WHAT NEEDS TO BE DONE: Your answer must be exactly the lines from the one containing "Photo of Kaziranga" through the end of the material, both ends included, without pictures.

DATA BLOCK:
=-=-=

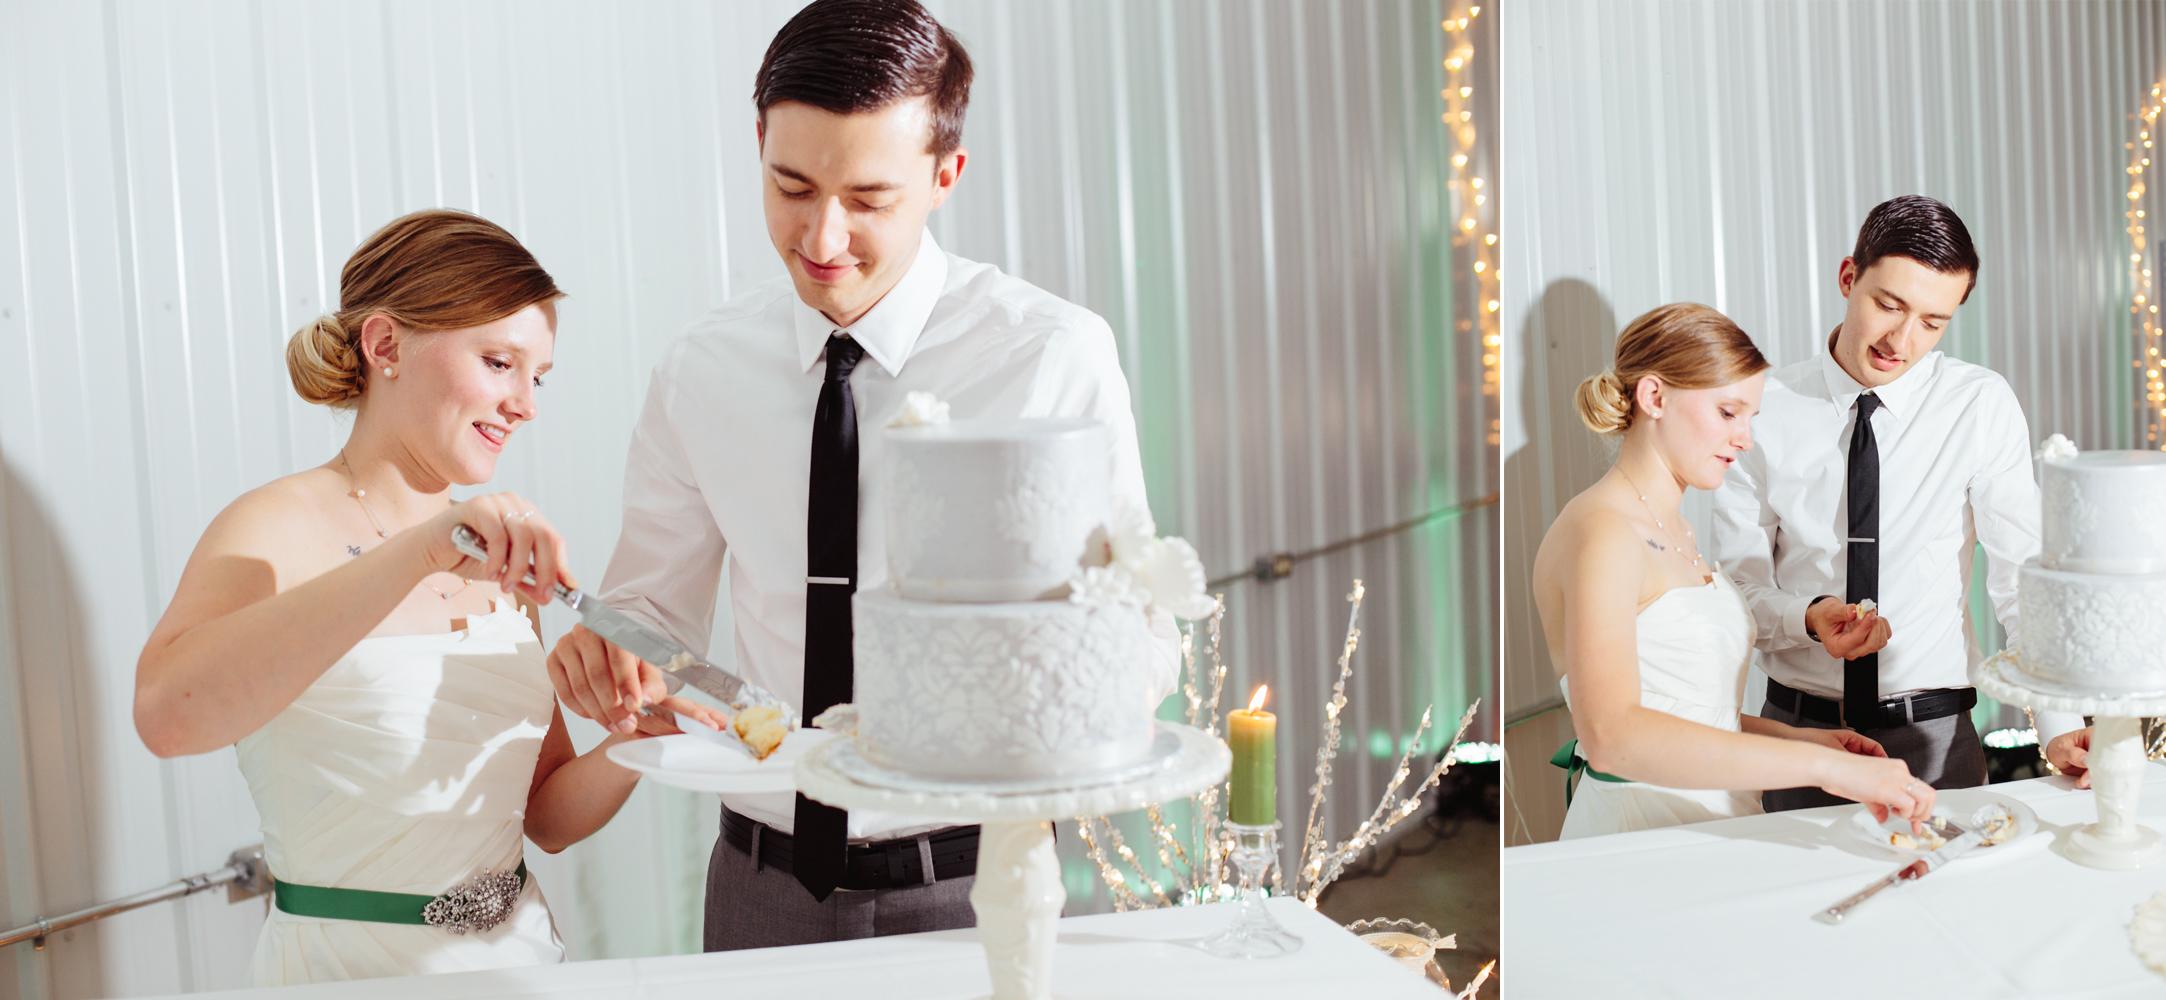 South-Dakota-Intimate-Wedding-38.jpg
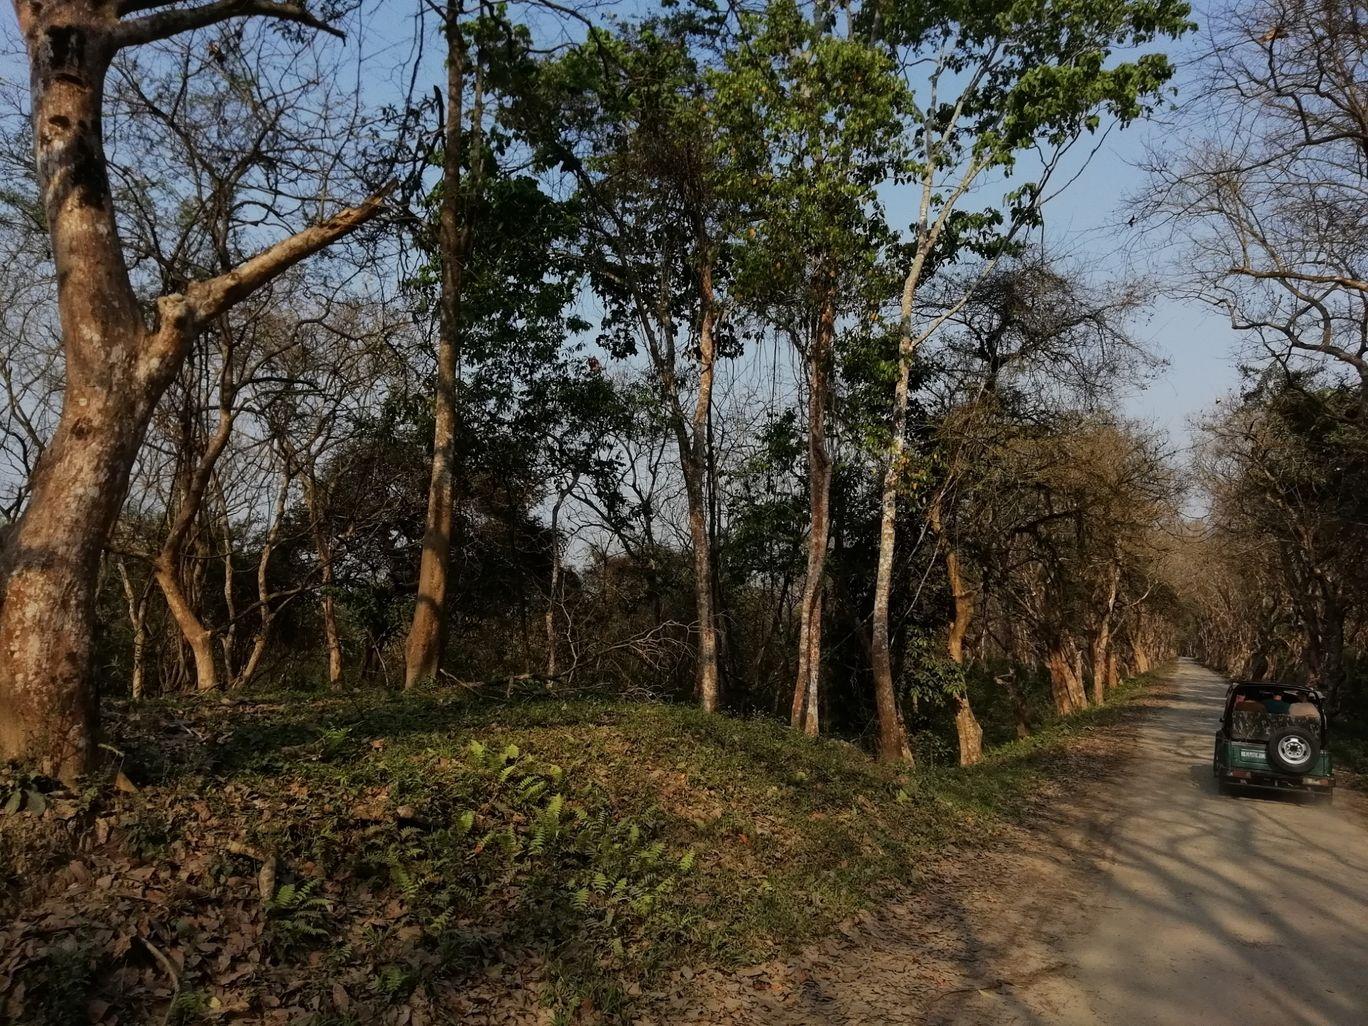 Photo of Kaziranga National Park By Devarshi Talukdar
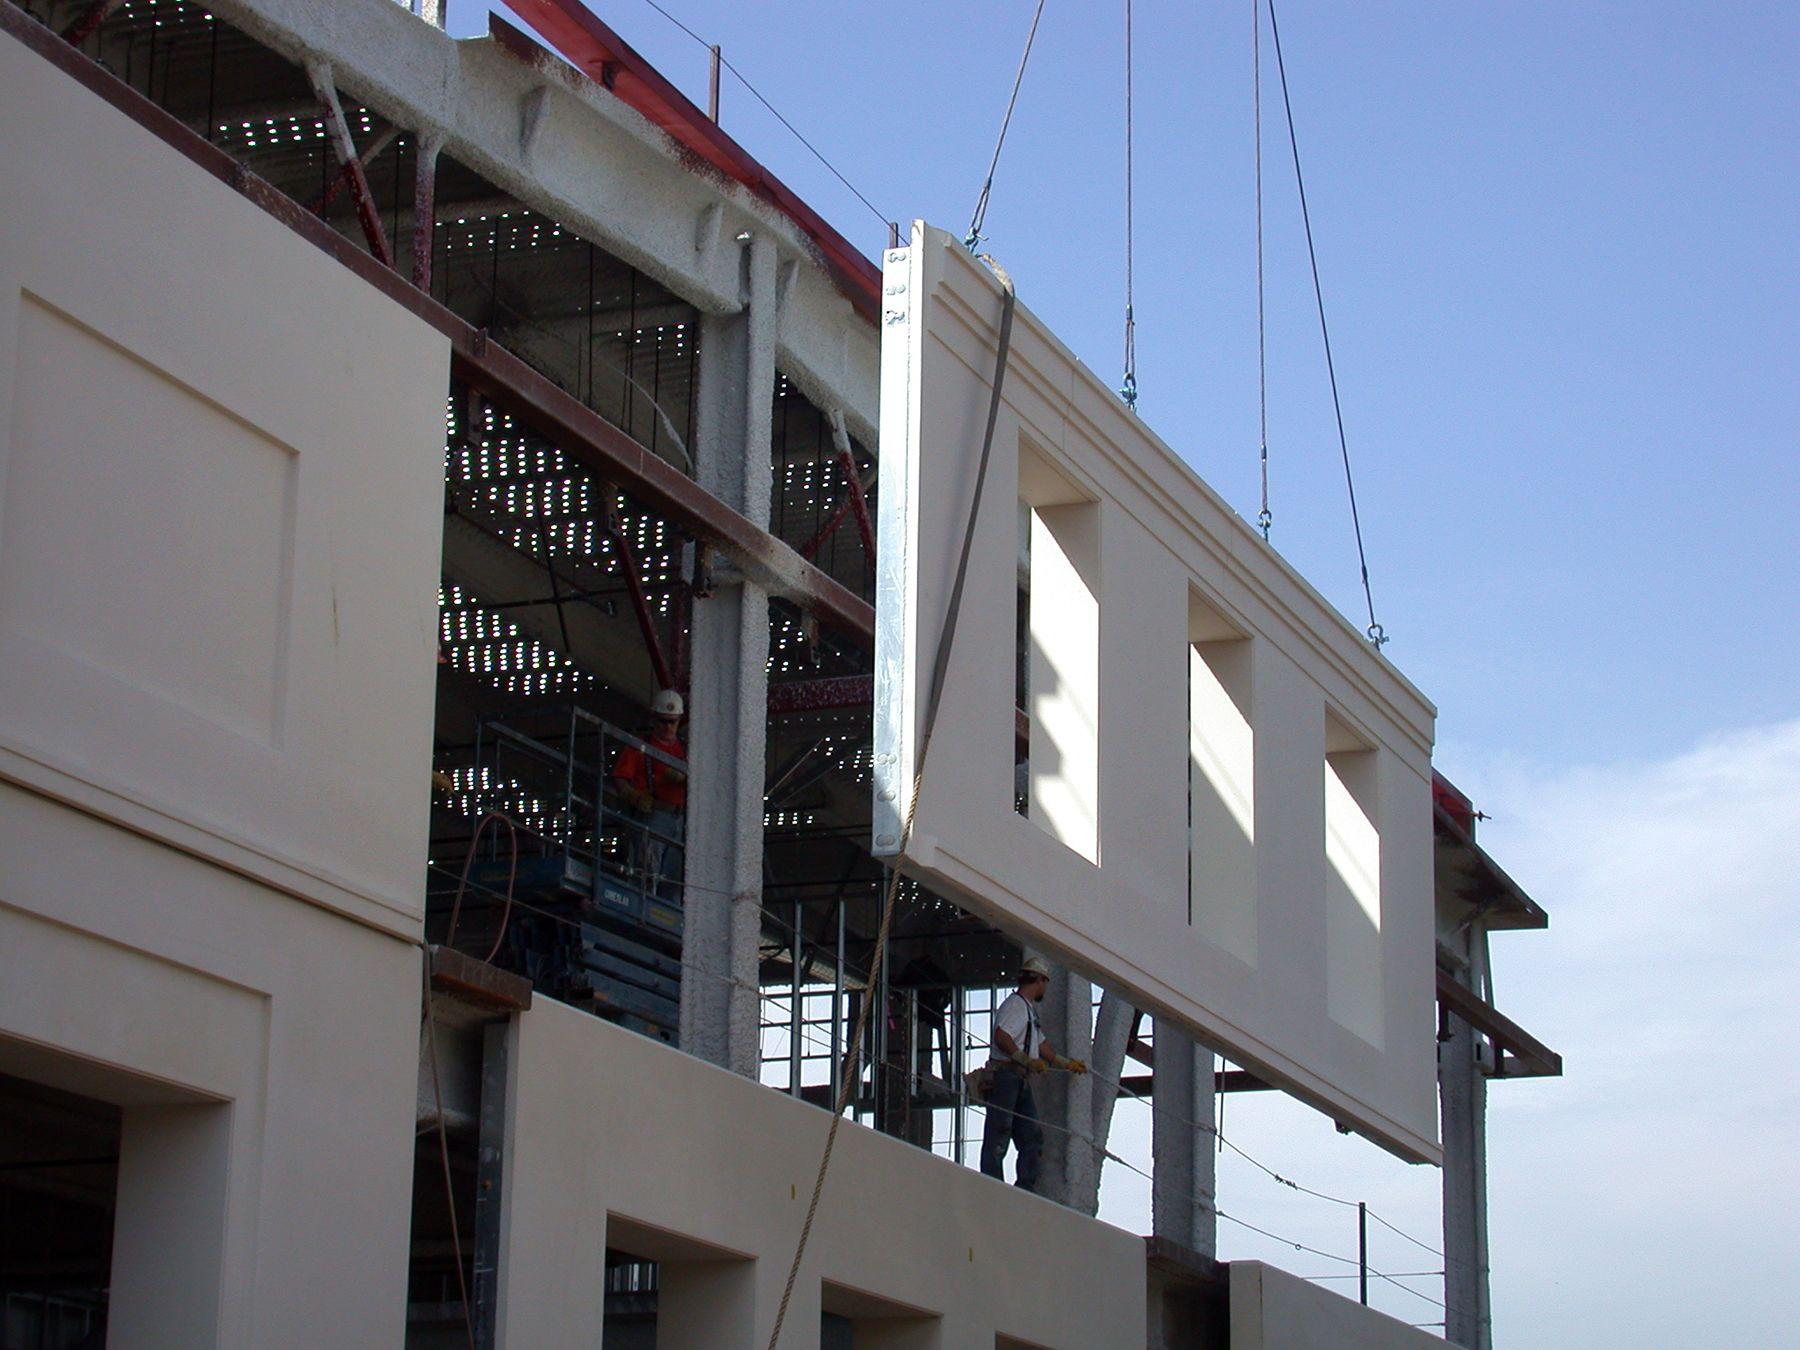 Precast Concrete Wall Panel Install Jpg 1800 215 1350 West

=-=-=

ANSWER BOX:
 Photo of Kaziranga National Park By Devarshi Talukdar
 Precast Concrete Wall Panel Install Jpg 1800 215 1350 West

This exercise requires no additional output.